Department of Neurology, Medical University of Innsbruck, Innsbruck, Austria.
AOP Orphan Pharmaceuticals GmbH, Vienna, Austria.
Acta Neuropathol Commun. 2024 Nov 27;12(1):183. doi: 10.1186/s40478-024-01888-8.
Glioblastoma is the most frequent and aggressive brain cancer. It is a highly immunology-driven disease as up to a third of its mass is composed of immune cells. Apart from immunology, imaging is a major research frontier. The VASARI (Visually AcceSAble Rembrandt Images) MRI feature set is a system designed to enable consistent description of gliomas using a set of defined visual features and controlled vocabulary. Even though imaging and immunology are both indispensable for glioblastoma phenotyping, a comprehensive integration of these two disciplines has not been performed so far.
76 patients from a previous glioblastoma immunotherapy clinical trial were retrospectively screened for the availability of peripheral blood immunology and tumor imaging data at baseline, i.e. at the start of the study. For 41 patients both were available. MRI were then analyzed via volumetry and VASARI morphometry. The resulting 27 imaging variables were linked with 67 peripheral blood immunology variables from flow cytometry and PCR and all potential relations were mapped.
In an initial broad screening, 94 imaging-immunology associations were discovered. Notably, features of the contrast-enhancing margin like its thickness and its shape were positively correlated with various T cell species including activated cytotoxic CD8+ T cells and central memory CD8+ T cells. The T2-volume was correlated with CD56+CD16- natural killer cells, and the necrosis volume was correlated with immunopolarizing mRNAs in the blood (IFN-γ, GATA3, ROR-gt). After multiple testing correction, two imaging-immunology associations were confirmed as significant: a thick contrast-enhancing margin was correlated with lower regulatory T cell markers in the blood and invasion of deep white matter was correlated with less T helper 17 factors.

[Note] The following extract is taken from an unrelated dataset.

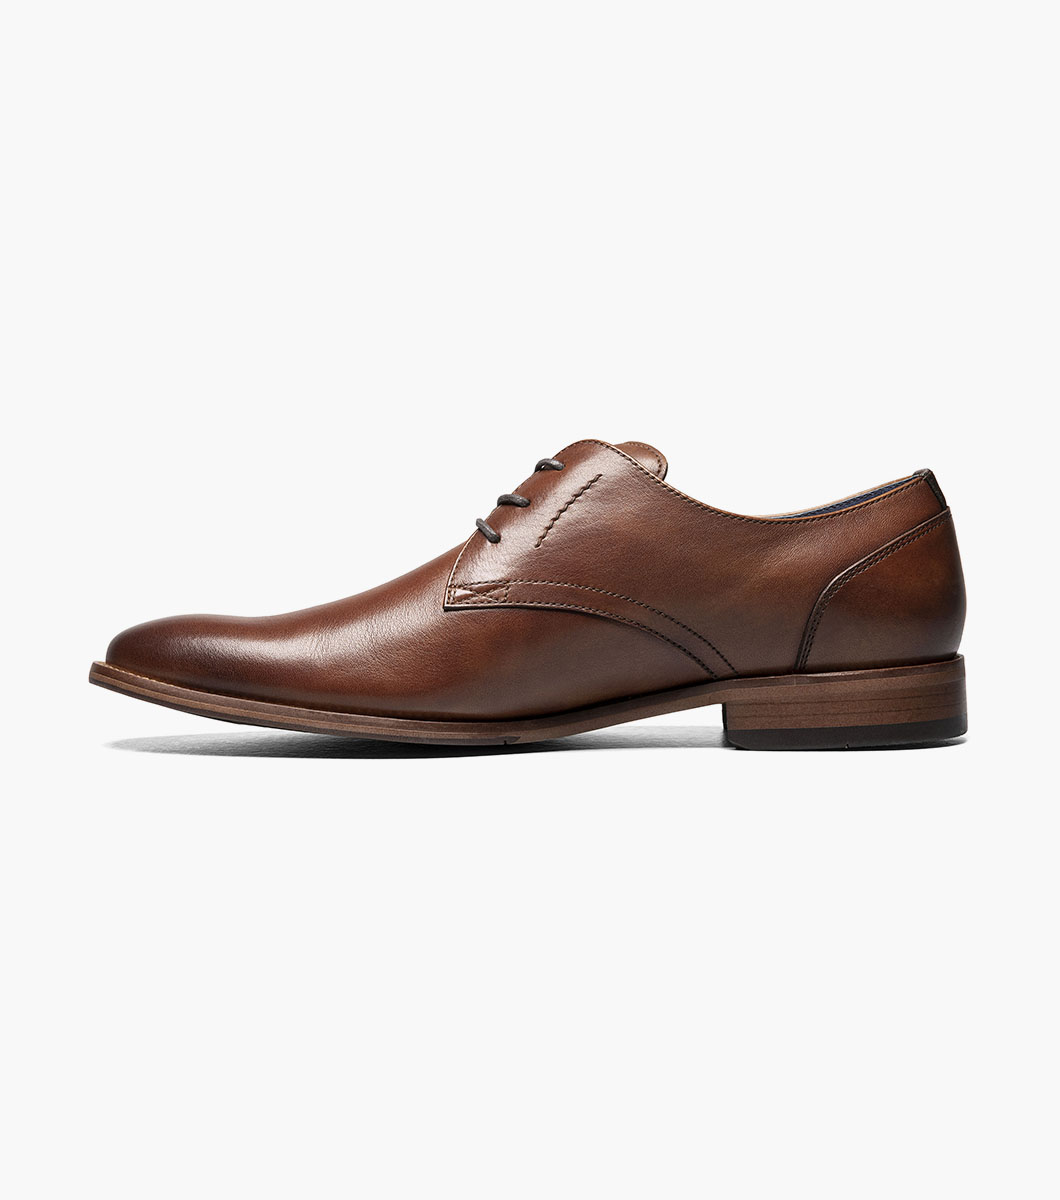 Flex Plain Toe Oxford Men’s Dress Shoes | Florsheim.com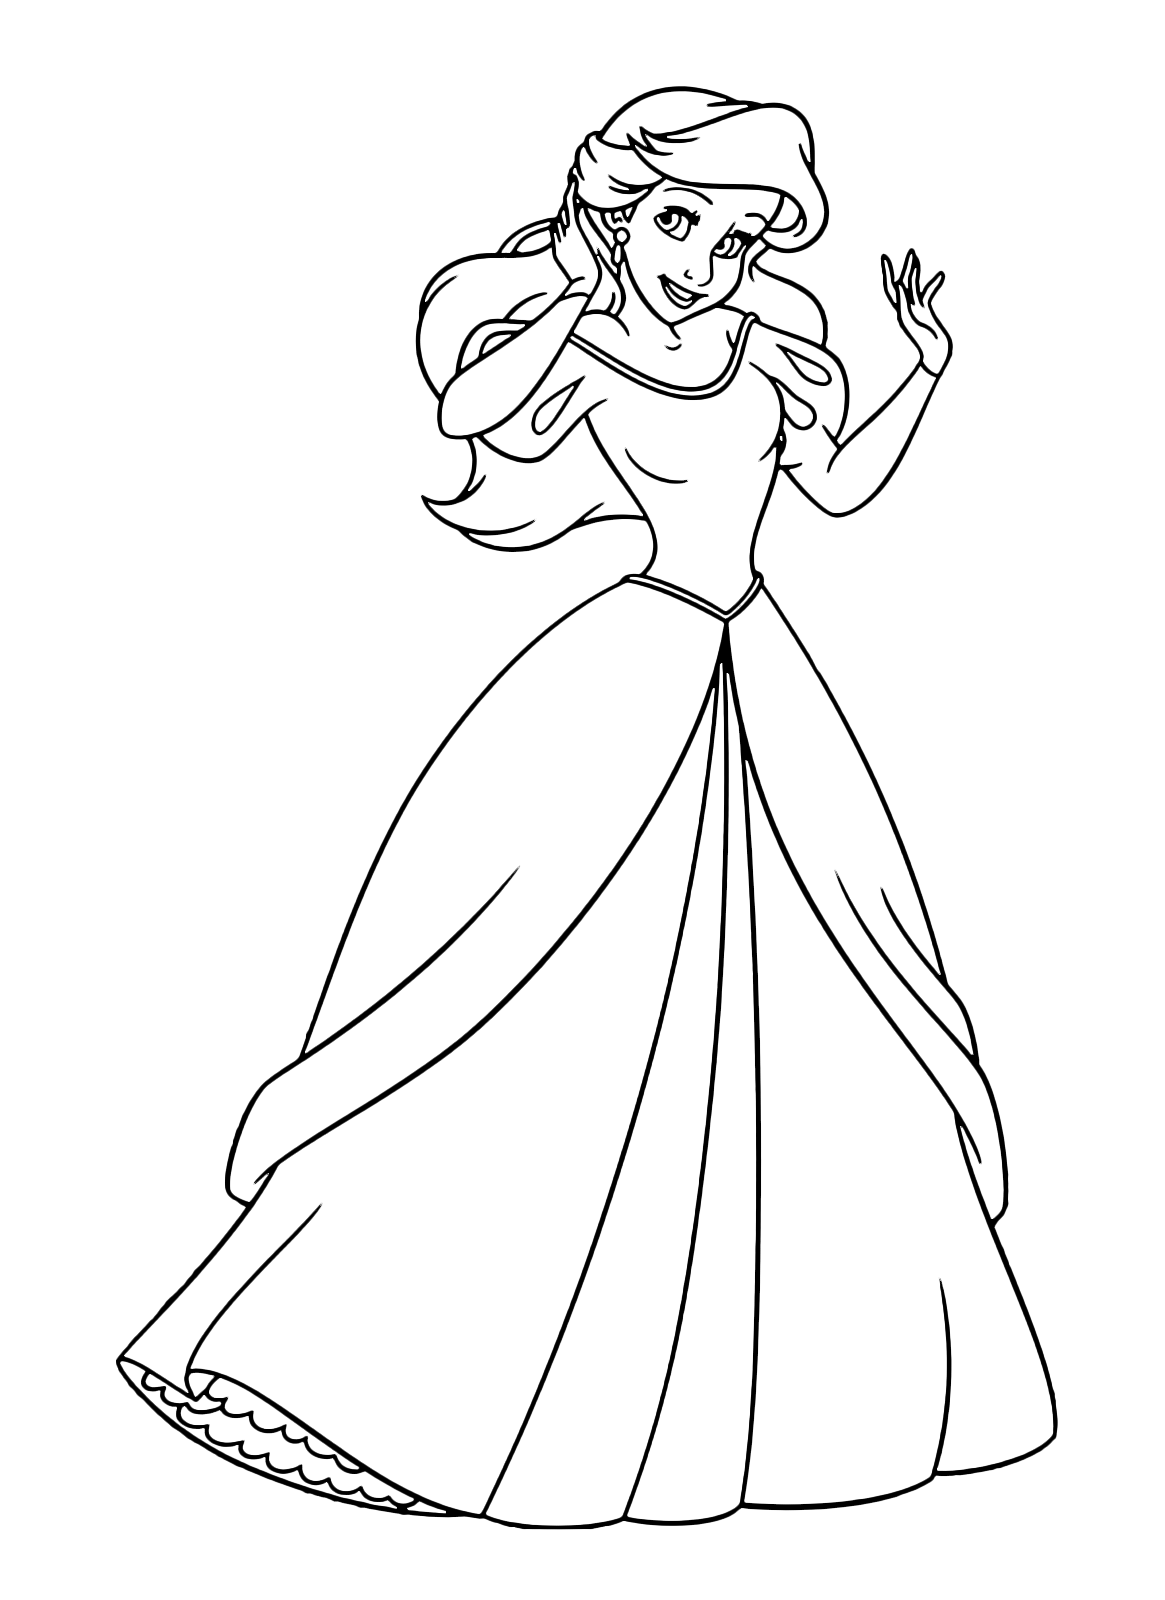 The Little Mermaid - Ariel wears a beautiful princess dress

We here provide first evidence that imaging and peripheral blood immunology features can go hand in hand and that imaging variables can correlate with systemic immunophenotypes. Especially a thick contrast-enhancing margin seems to indicate a pro-inflammatory immune state. Via pioneering the integration of imaging and immunology, we not only advance basic glioblastoma science but we also open up novel avenues for research. In the future, e.g. patient stratification for therapy development could be based on imaging-guided immunophenotyping.
胶质母细胞瘤是最常见和最具侵袭性的脑癌。它是一种高度受免疫学驱动的疾病,其肿瘤的三分之一以上由免疫细胞组成。除了免疫学,影像学也是一个主要的研究前沿。VASARI(可视可访问的伦勃朗图像)MRI 特征集是一个旨在使用一组定义的视觉特征和受控词汇来对胶质瘤进行一致描述的系统。尽管影像学和免疫学对于胶质母细胞瘤表型都不可或缺,但这两个学科的综合整合迄今为止尚未完成。
回顾性筛选了先前胶质母细胞瘤免疫治疗临床试验中的 76 名患者,以确定基线(即研究开始时)时外周血免疫学和肿瘤影像学数据的可用性。对于 41 名患者,这两种数据都可用。然后通过体测绘图和 VASARI 形态测量法对 MRI 进行分析。由此产生的 27 个影像学变量与流式细胞术和 PCR 的 67 个外周血免疫学变量相关联,并绘制了所有潜在的关系。
在初步的广泛筛选中,发现了 94 个影像学-免疫学关联。值得注意的是,对比增强边缘的特征,如厚度和形状,与各种 T 细胞物种呈正相关,包括活化的细胞毒性 CD8+T 细胞和中央记忆 CD8+T 细胞。T2 体积与 CD56+CD16-NK 细胞相关,坏死体积与血液中的免疫极化 mRNAs(IFN-γ、GATA3、ROR-gt)相关。经过多次测试校正,有两个影像学-免疫学关联被证实具有统计学意义:厚的对比增强边缘与血液中较低的调节性 T 细胞标志物相关,而深部白质的浸润与较少的 Th17 因子相关。
我们首次提供证据表明,影像学和外周血免疫学特征可以相辅相成,影像学变量可以与全身免疫表型相关。特别是厚的对比增强边缘似乎表明存在炎症反应状态。通过开创影像学和免疫学的整合,我们不仅推进了基础胶质母细胞瘤科学,还为研究开辟了新途径。例如,未来可以基于影像学指导的免疫表型对患者进行分层,以进行治疗开发。